This lack of overhead improves the speed of the data transfer and is why UDP is often used by applications that are time sensitive in nature. UDP's stateless nature is also great for applications that answer a large number of small queries from a large number of clients.

Common uses for UDP are:

• Domain Name Resolution (DNS)
• Time (NTP)
• Streaming media (RTSP, RTP and RTCP)
• Telephone of the Internet (VoIP)
• File Transfer (TFTP)
• Logging (SNMP)
• Online games (GTP and OGP)

SCTP

Stream Control Transmission Protocol (SCTP) is part of the Transport Layer of the OSI Model just like TCP and UDP and provides some of the features of both of those protocols. It is message or datagram orientated like UDP but it also ensures reliable sequential transport of data with congestion control like TCP.

SCTP provides the following services:

• Acknowledged error-free non-duplicated transfer of user data
• Data fragmentation to conform to discovered path MTU size
• Sequenced delivery of user messages within multiple streams, with an option for order-of-arrival delivery of individual user messages
• Optional bundling of multiple user messages into a single SCTP packet
• Network-level fault tolerance through supporting of multi-homing at either or both ends of an association
• Congestion avoidance behavior and resistance to flooding and masquerade attacks

SCTP uses multi-streaming to transport its messages which means that there can be several independent streams of messages traveling in parallel between the points of the transmission. The data is sent out in larger chunks of data than is used by TCP just like UDP but the messages include a sequence number within each message in the same way that TCP does so that the data can be reassembled at the other end of the transmission in the correct sequence without the data having to arrive in the correct sequence.

SCTP is effective as the transport protocol for applications that require monitoring and session-loss detection. For such applications, the SCTP path and session failure detection mechanisms actively monitor the connectivity of the session. SCTP differs from TCP in having multi-homing capabilities at either or both ends and several streams within a connection, typically referred to as an association. A TCP stream represents a sequence of bytes; an SCTP stream represents a sequence of messages.

Some common applications of SCTP include supporting transmission of the following protocols over IP networks:

• SCTP is important in 3G and 4G/LTE networks (for example, HomeNodeB = FemtoCells)
• SS7 over IP (for example, for 3G mobile networks)
• SCTP is also defined and used for SIP over SCTP and H.248 over SCTP
• Transport of Public Switched Telephone Network (PSTN) signaling messages over IP networks.

SCTP is a much newer protocol. It was defined by the IETF Signaling Transport (SIGTRAN) working group in 2000. It was introduced by RFC 3286 and more fully define by RFC 4960.
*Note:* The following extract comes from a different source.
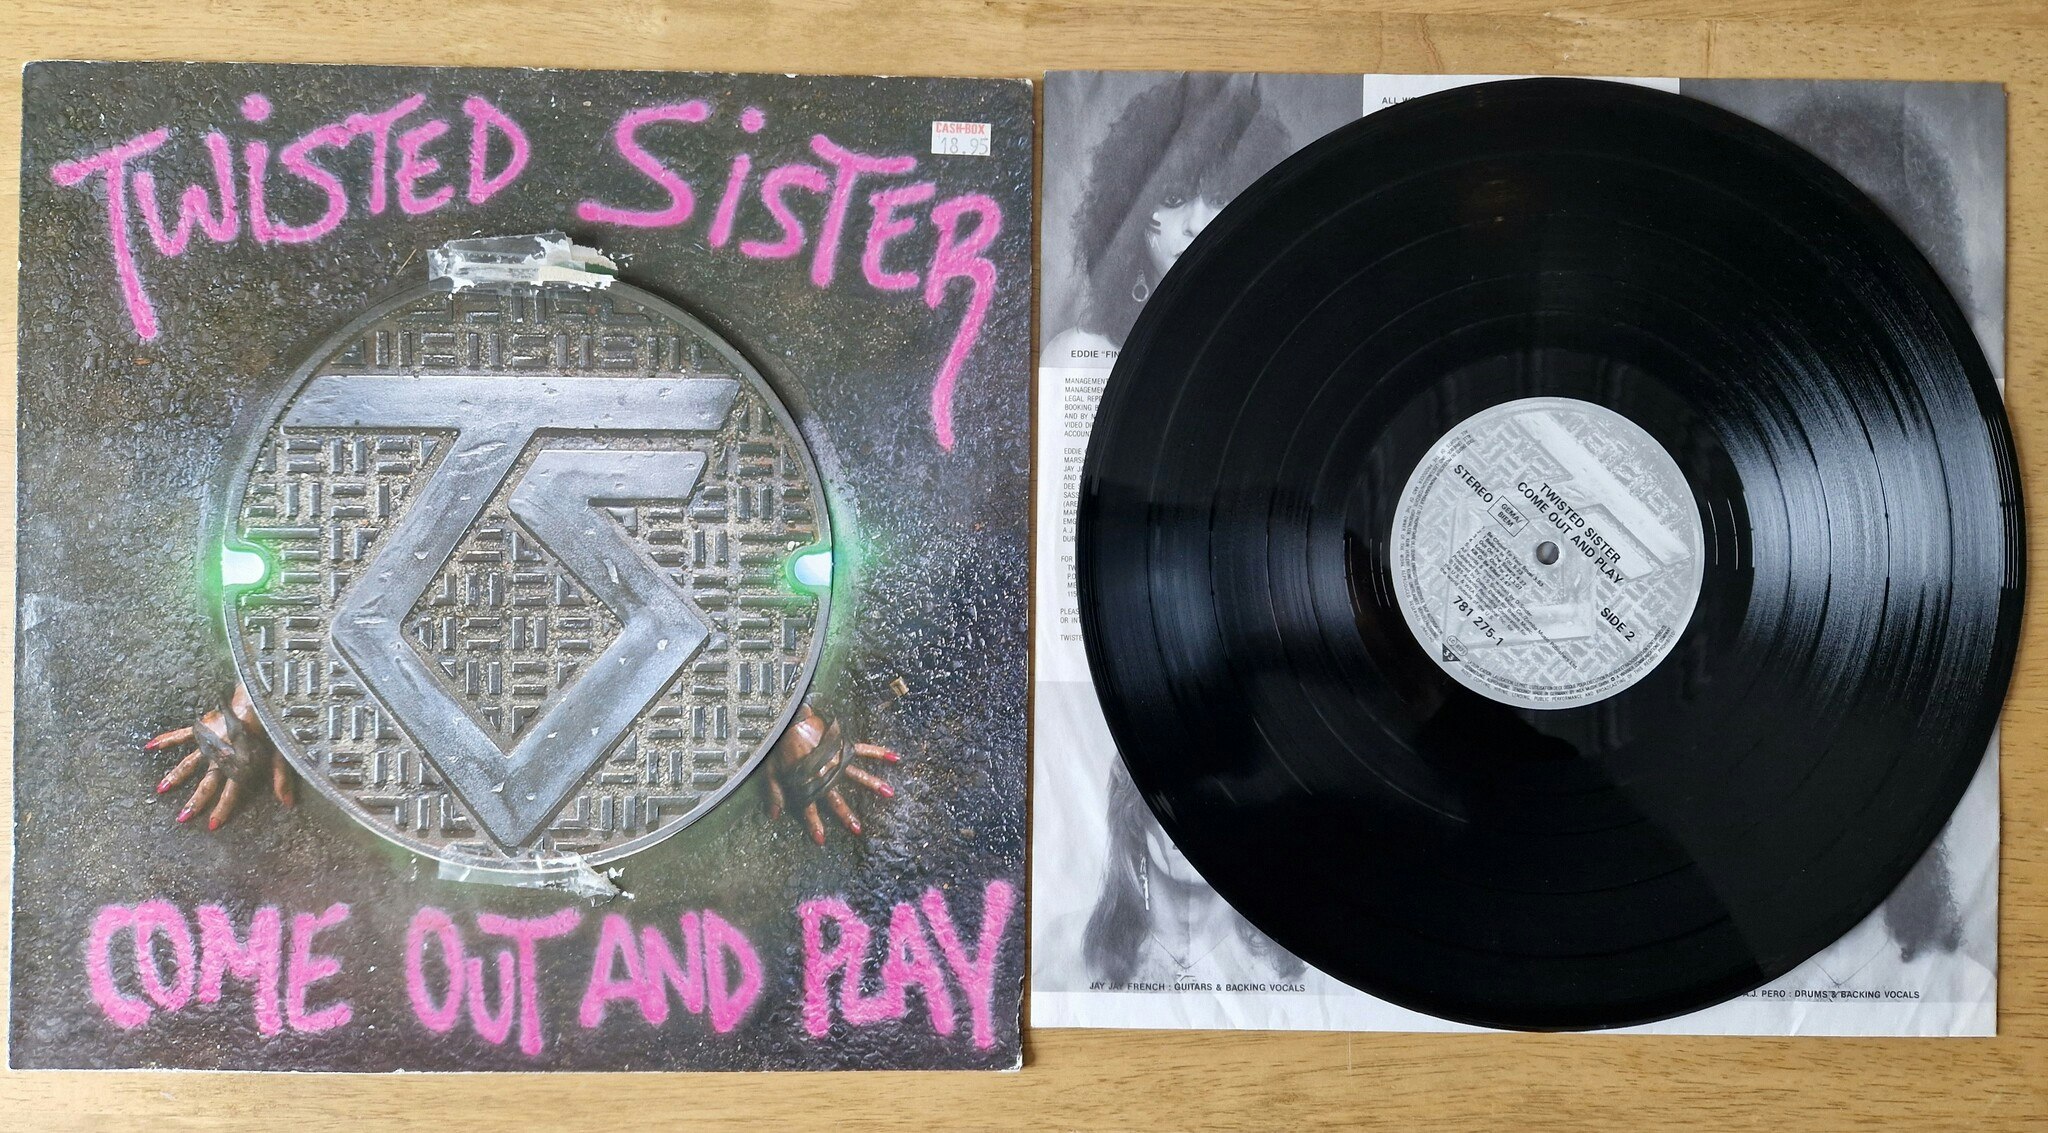 Twisted Sister, Come out and play. Vinyl LP

The FortiGate firewall can apply security policies to SCTP sessions in the same way as TCP and UDP sessions. You can create security policies that accept or deny SCTP traffic by setting the service to “ALL”. FortiOS does not include pre-defined SCTP services. To configure security policies for traffic with specific SCTP source or destination ports you must create custom firewall services for SCTP.
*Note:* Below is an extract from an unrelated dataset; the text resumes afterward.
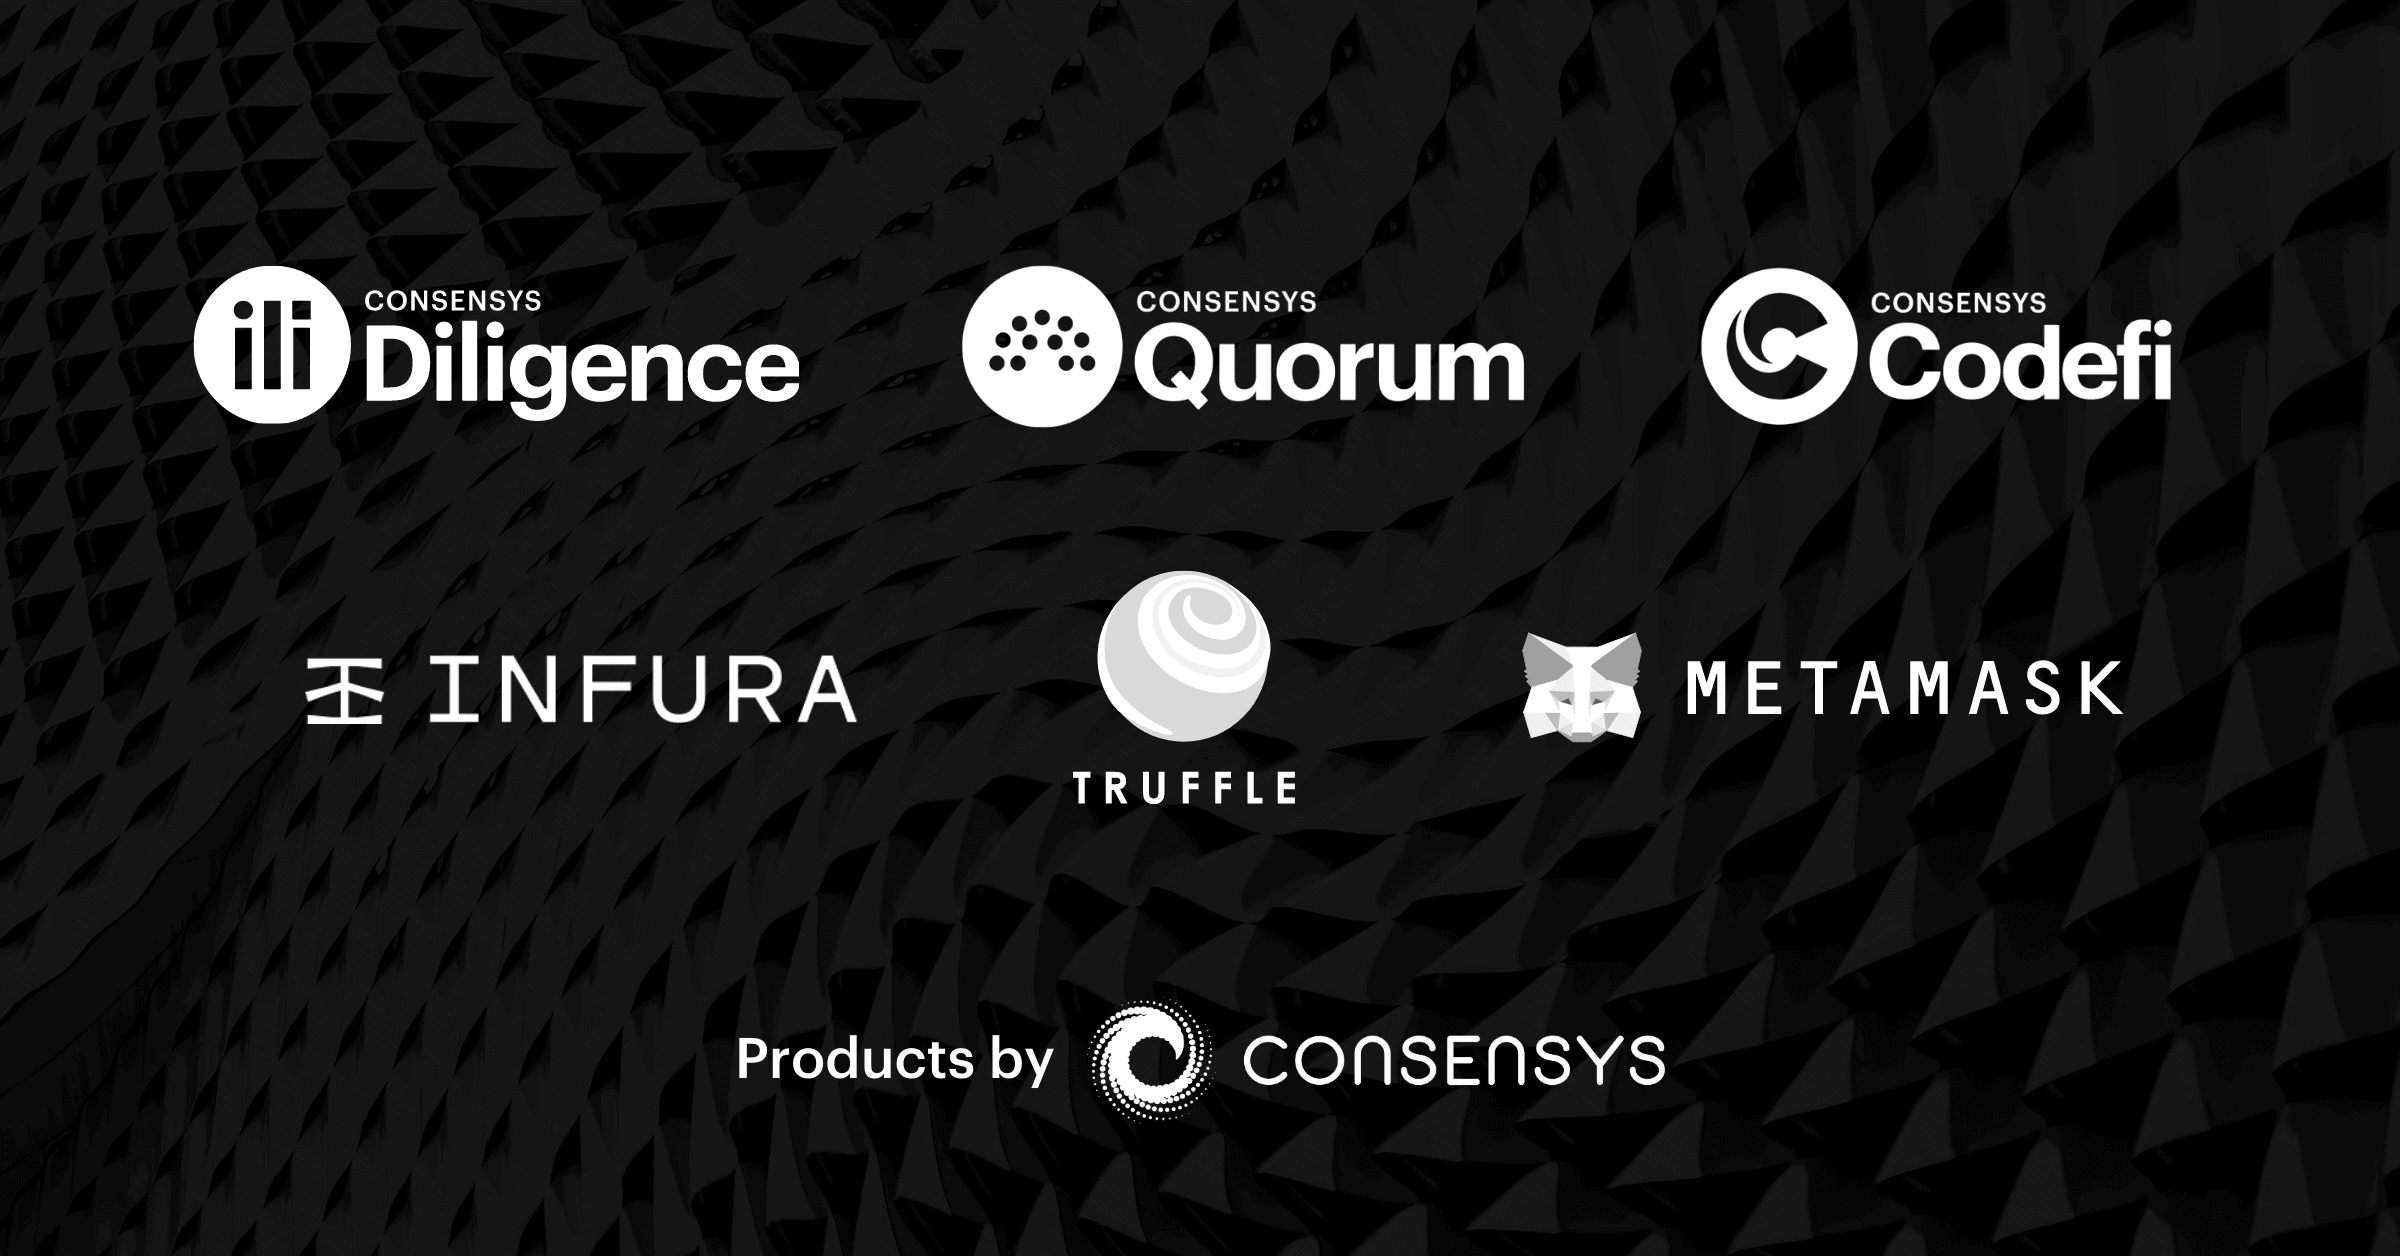 ConsenSys acquires MyCrypto: Plans to team up with MetaMask

FortiGate units route SCTP traffic in the same way as TCP and UDP traffic. You can configure policy routes specifically for routing SCTP traffic by setting the protocol number to 132. SCTP policy routes can route SCTP traffic according to the destination port of the traffic if you add a port range to the policy route.

You can configure a FortiGate unit to perform stateful inspection of different types of SCTP traffic by creating custom SCTP services and defining the port numbers or port ranges used by those services. FortiGate units support SCTP over IPv4. The FortiGate unit performs the following checks on SCTP packets:

• Source and Destination Port and Verification Tag.
• Chunk Type, Chunk Flags and Chunk Length
• Verify that association exists
• Sequence of Chunk Types (INIT, INIT ACK, etc)
• Timer checking
• Four way handshake checking
• Heartbeat mechanism
• Protection against INIT/ACK flood DoS attacks, and long-INIT flooding
• Protection against association hijacking

FortiOS also supports SCTP sessions over IPsec VPN tunnels, as well as full traffic and event logging for SCTP sessions.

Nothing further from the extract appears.